Deposition and interfacial characterization of Fe-based amorphous coating deposited on AZ31B magnesium alloy

Abstract

This study investigated the microstructure, residual stress, and bonding performance of Fe-based amorphous coatings (AMCs) on AZ31B magnesium alloy substrates to elucidate the deposition mechanisms and interfacial characterization. The results demonstrate that the coatings possess a typical amorphous structure, with amorphous content exceeding 95 % in all cases. The impact of particles caused a molten layer on the surface of the magnesium alloy substrate, facilitating atomic diffusion and resulting in a localized metallurgical bonding at the coating-substrate interface.

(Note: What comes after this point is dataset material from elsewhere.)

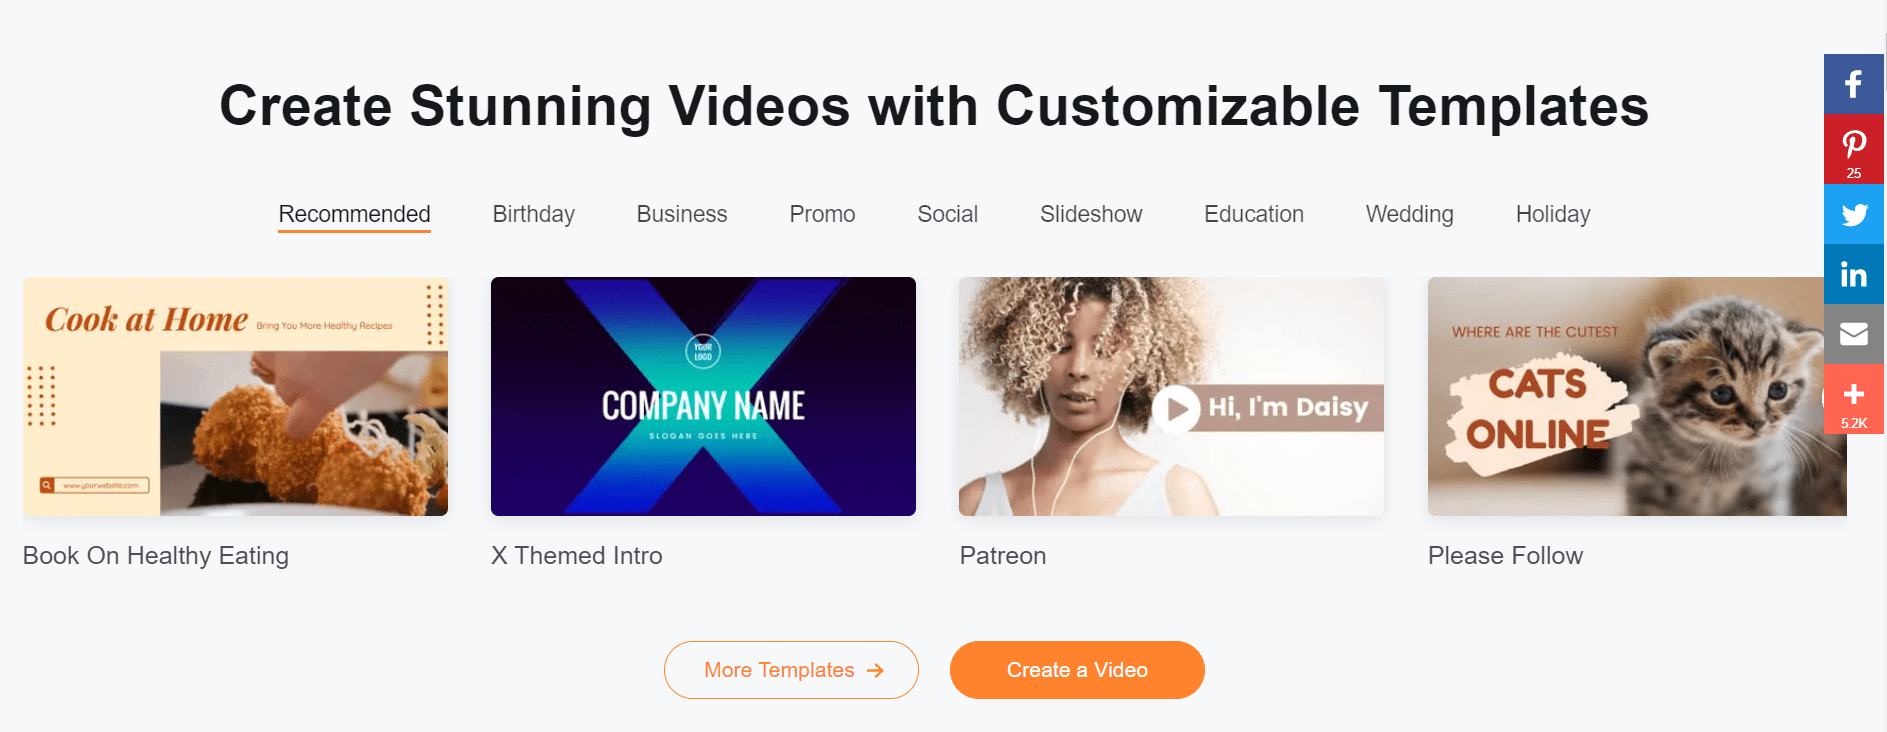 Create Stunning Videos with Customizable Templates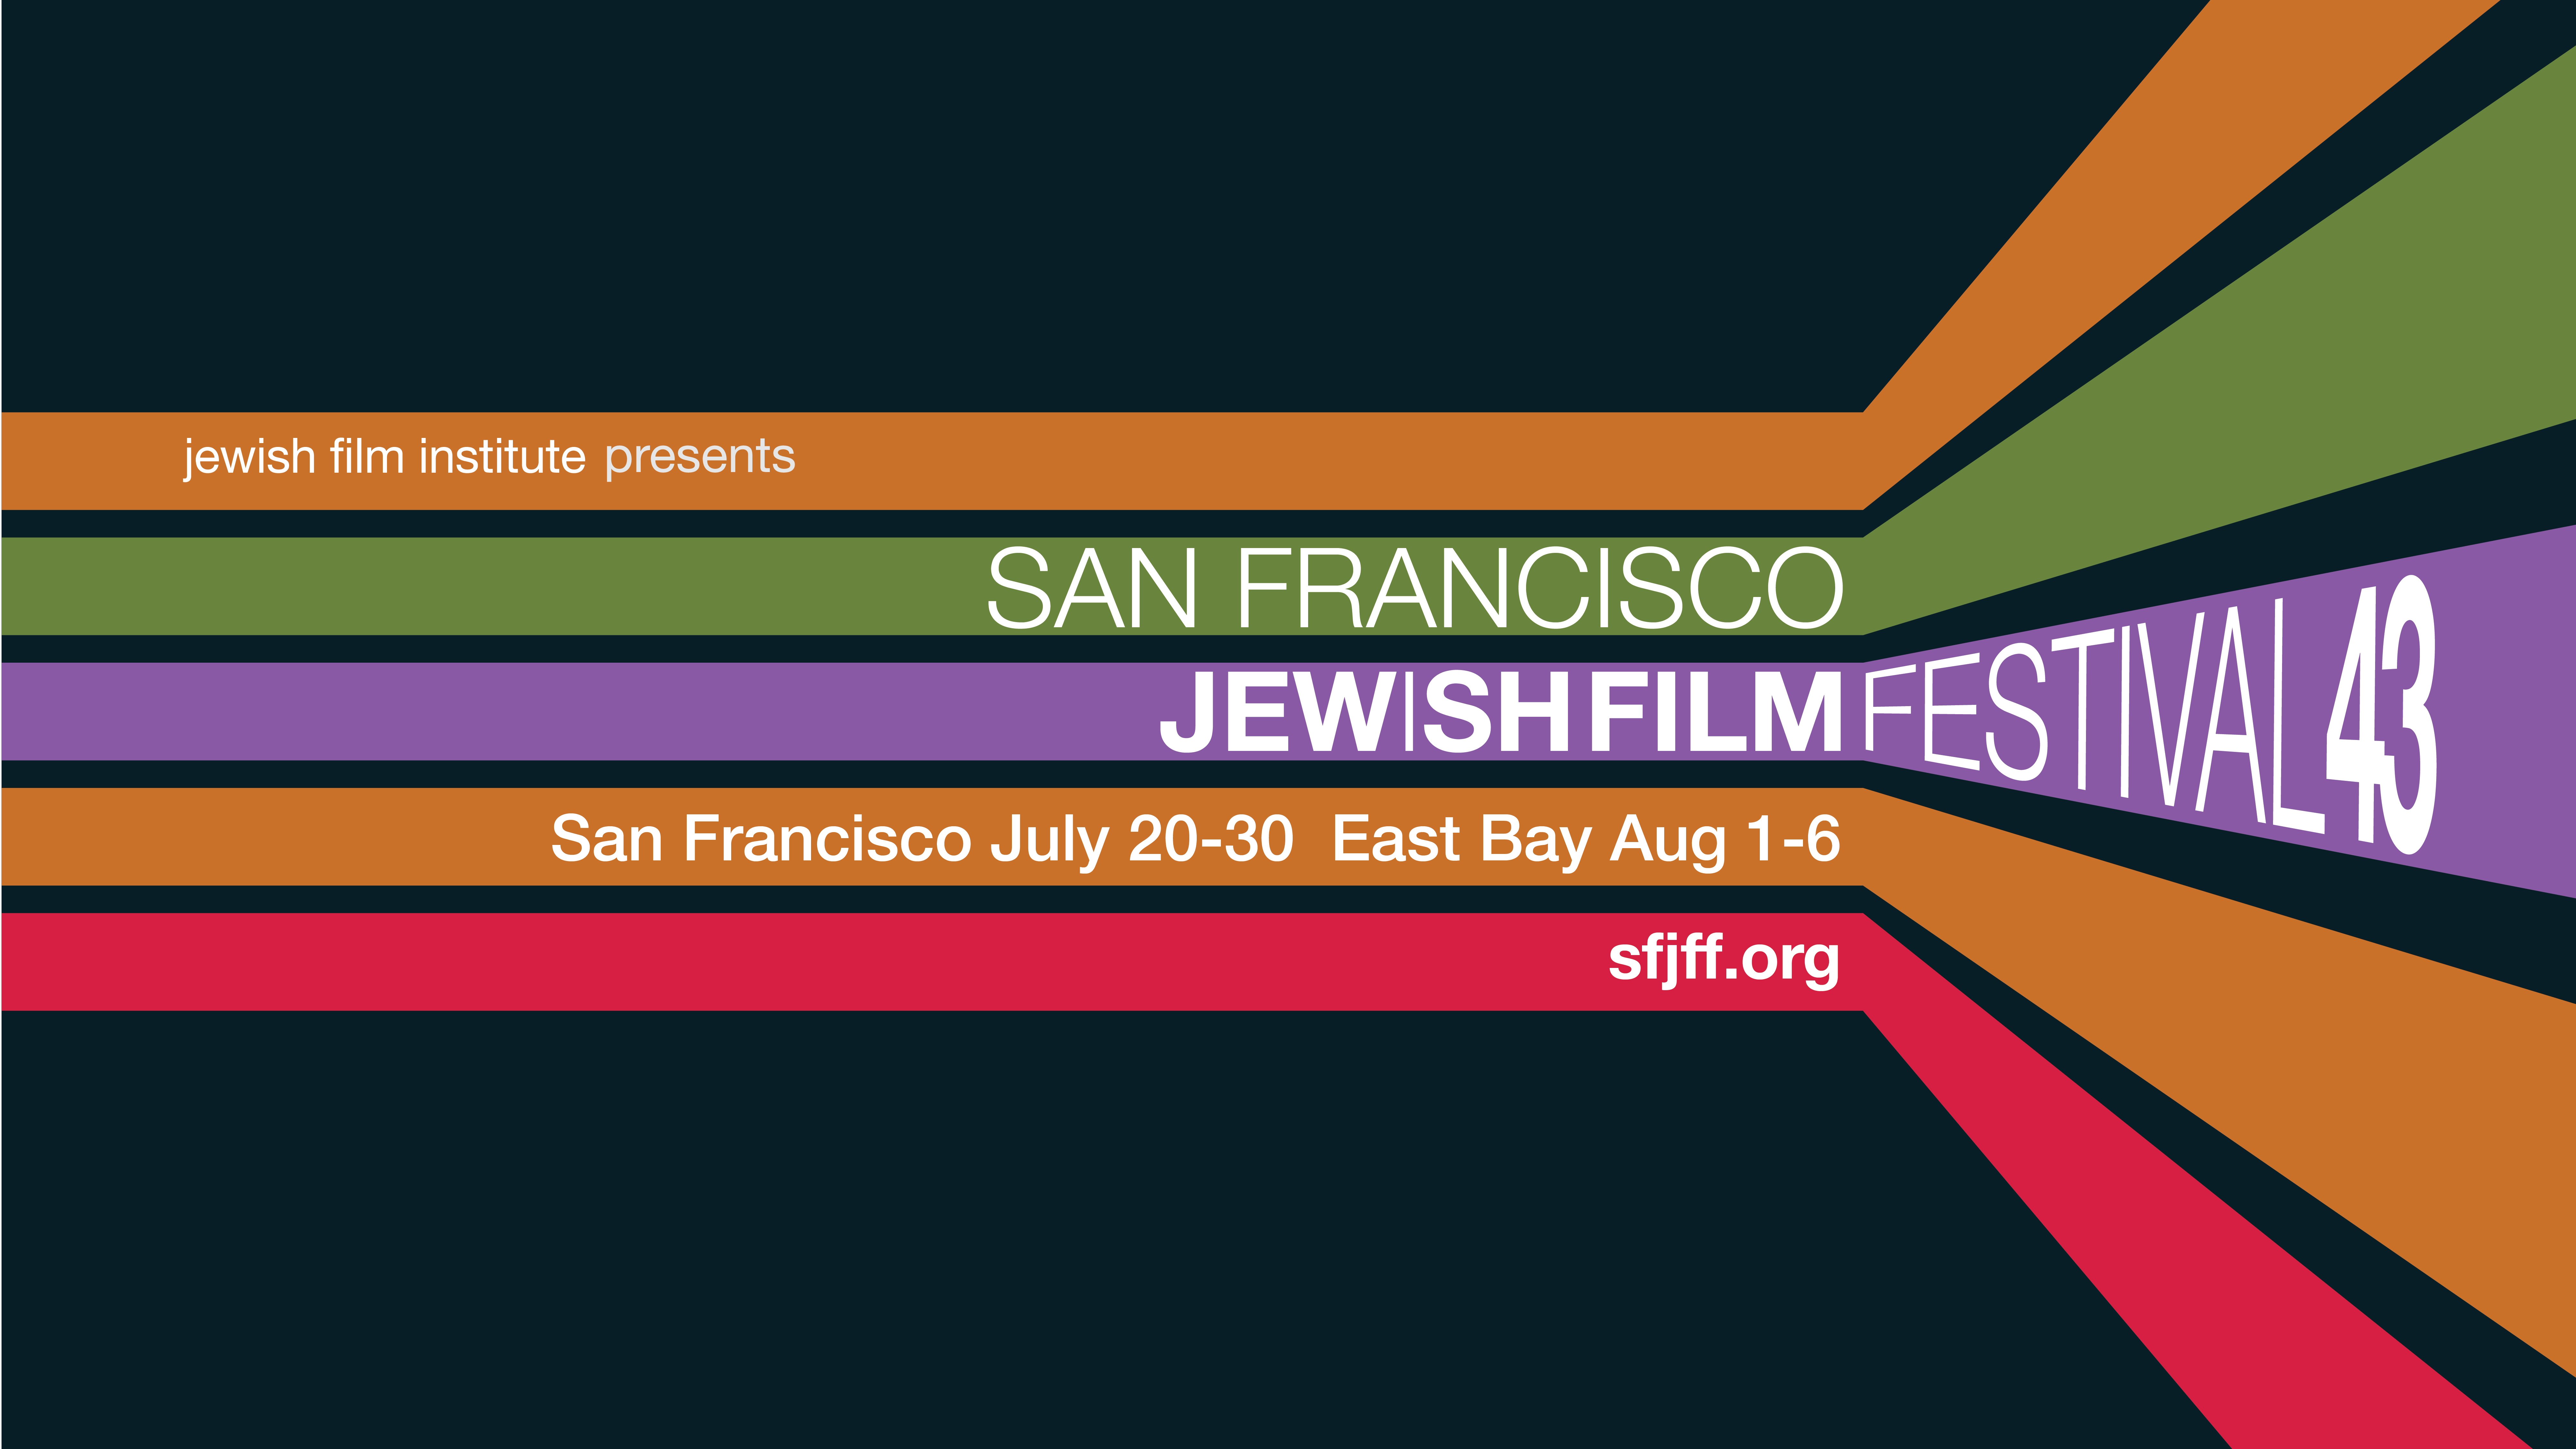 San Francisco Jewish Film Festival 43

The internal lamellar interface of the coating primarily relies on mechanical and physical bonding due to oxidation. Additionally, the near-interface magnesium alloy substrate effectively reduces the strain mismatch at the coating-substrate interface and dissipates residual stresses in the coating through its own plastic deformation, resulting in near-zero residual stress. Nonetheless, due to stress release and the edge-loaded plate cracking model, weak bonding regions, approximately 50–170 μm, exist in the Fe-based AMCs on AZ31B magnesium alloy substrate. Beyond this range, the surface properties of the coating were significantly improved. These findings provide valuable insights for the design of coatings on magnesium alloy surfaces and the reduction of residual stresses in thermal spray coatings.